北京大学学报自然科学版 ›› 2024, Vol. 60 ›› Issue (3): 413-421.DOI: 10.13209/j.0479-8023.2024.036

上一篇    下一篇

基于标签语义信息感知的少样本命名实体识别方法

张越1, 王长征2, 苏雪峰1,3, 闫智超1, 张广军1, 邵文远1, 李茹1,4,†   

  1. 1. 山西大学计算机与信息技术学院, 太原 030006 2. 山西同方知网数字出版技术有限公司, 太原 030032 3. 山西工程科技职业大学现代物流学院, 晋中 030609 4. 山西大学计算智能与中文信息处理教育部重点实验室, 太原 030006
  • 收稿日期:2023-05-19 修回日期:2023-07-30 出版日期:2024-05-20 发布日期:2024-05-20
  • 通讯作者: 李茹, E-mail: liru(at)sxu.edu.cn
  • 基金资助:
    山西省重点研发计划(202102020101008)、山西省科技合作交流专项(202204041101016)和山西省1331工程项目资助

Few-shot Named Entity Recognition Method Based on Semantic Information Awareness of Labels

ZHANG Yue1, WANG Changzheng2, SU Xuefeng1,3, YAN Zhichao1, ZHANG Guangjun1, SHAO Wenyuan1, LI Ru1,4,†   

  1. 1. School of Computer and Information Technology, Shanxi University, Taiyuan 030006 2. Shanxi Tongfang Knowledge Network Digital Publishing Technology Co., Ltd., Taiyuan 030032 3. School of Modern Logistics, Shanxi Vocational University of Engineering Science and Technology, Jinzhong 030609 4. Key Laboratory Computational Intelligence and Chinese Information Processing of Ministry of Education, Taiyuan 030006
  • Received:2023-05-19 Revised:2023-07-30 Online:2024-05-20 Published:2024-05-20
  • Contact: LI Ru, E-mail: liru(at)sxu.edu.cn

摘要:

在少样本命名实体识别方法中, 目前广泛应用的方法是基于原型网络的两阶段模型。但是, 该方法未充分利用实体标签中的语义信息, 且在距离计算中过度依赖实体类型原型向量, 导致模型泛化能力差。针对这些问题, 提出一种基于标签语义信息感知的少样本命名实体识别方法。该方法是一种先进行实体跨度检测, 再判断实体类型的两阶段方法。在构建实体类型原型向量时, 将对应实体类型包含的语义信息考虑在内, 通过维度转换层将其与原型向量相融合。在对新样本进行实体识别时, 将实体类型的正负样本与实体类型原型向量组成实体类型三元组, 依据样本到三元组的距离对其进行分类。在多个数据集上的实验结果证明, 该模型的性能比以往的模型有较大的提升。

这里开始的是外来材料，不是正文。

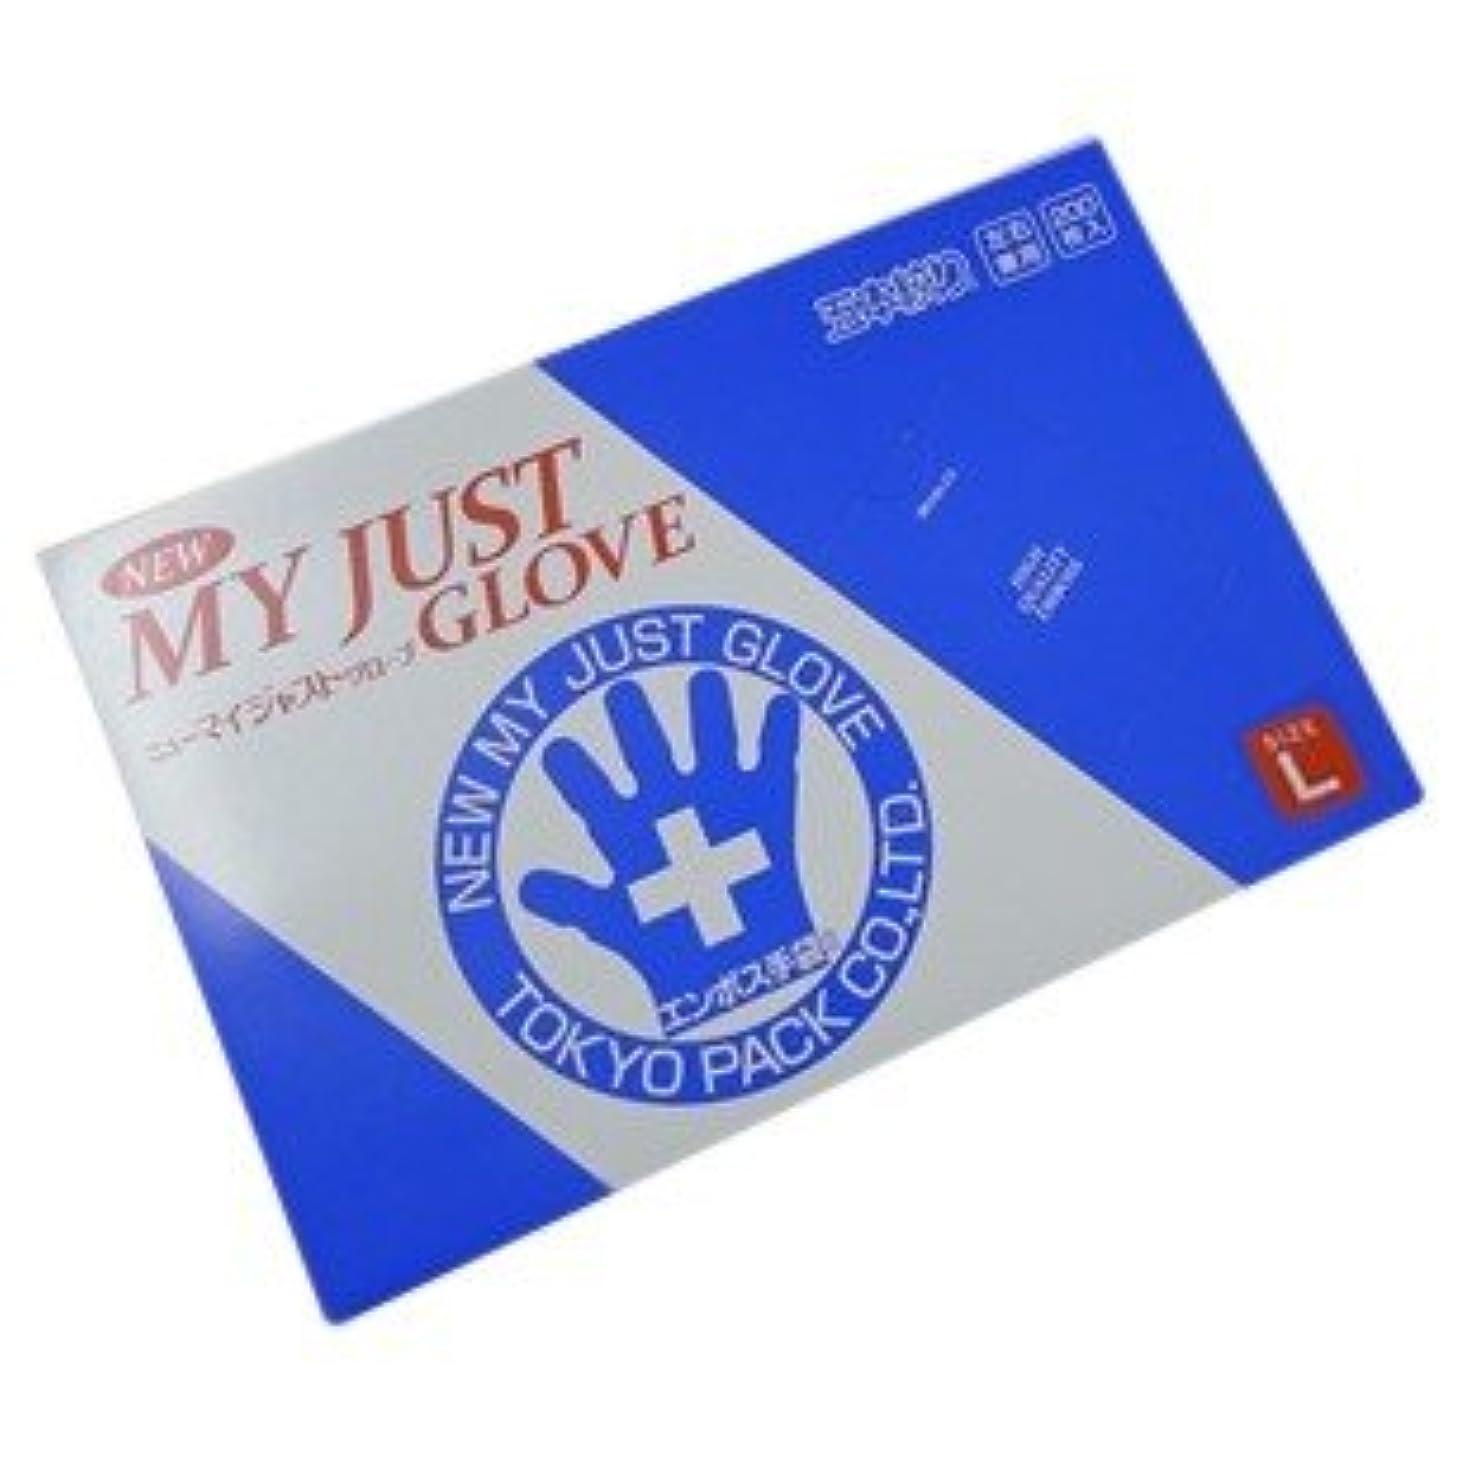 対処金額分割エンボス手袋 ニューマイジャストグローブ L 200枚 東京パック 海外品

关键词: 少样本命名实体识别, 标签语义信息感知, 实体类型三元组, 原型网络

Abstract:

Among various approaches of few-shot named entity recognition (NER), two-stage models based on prototype networks are widely used. However, these methods can not fully utilize the semantic information in entity labels and overly relies on entity type prototype vectors in distance calculation, resulting in poor generalization ability of the model. To address these issues, this paper proposes a few-shot named entity recognition method based on label semantic information awareness. This method consists of a two-stage process: entity span detection and entity type classification. When constructing entity type prototype vectors, the semantic information associated with the corresponding entity types is considered and fused with the prototype vectors through a dimension transformation layer. During the entity recognition of new samples, entity type positive and negative samples are combined with entity type prototype vectors to form entity type triplets, and the samples are classified based on the distance to the triplets. Experimental results on multiple datasets demonstrate that the proposed model significantly outperforms previous models.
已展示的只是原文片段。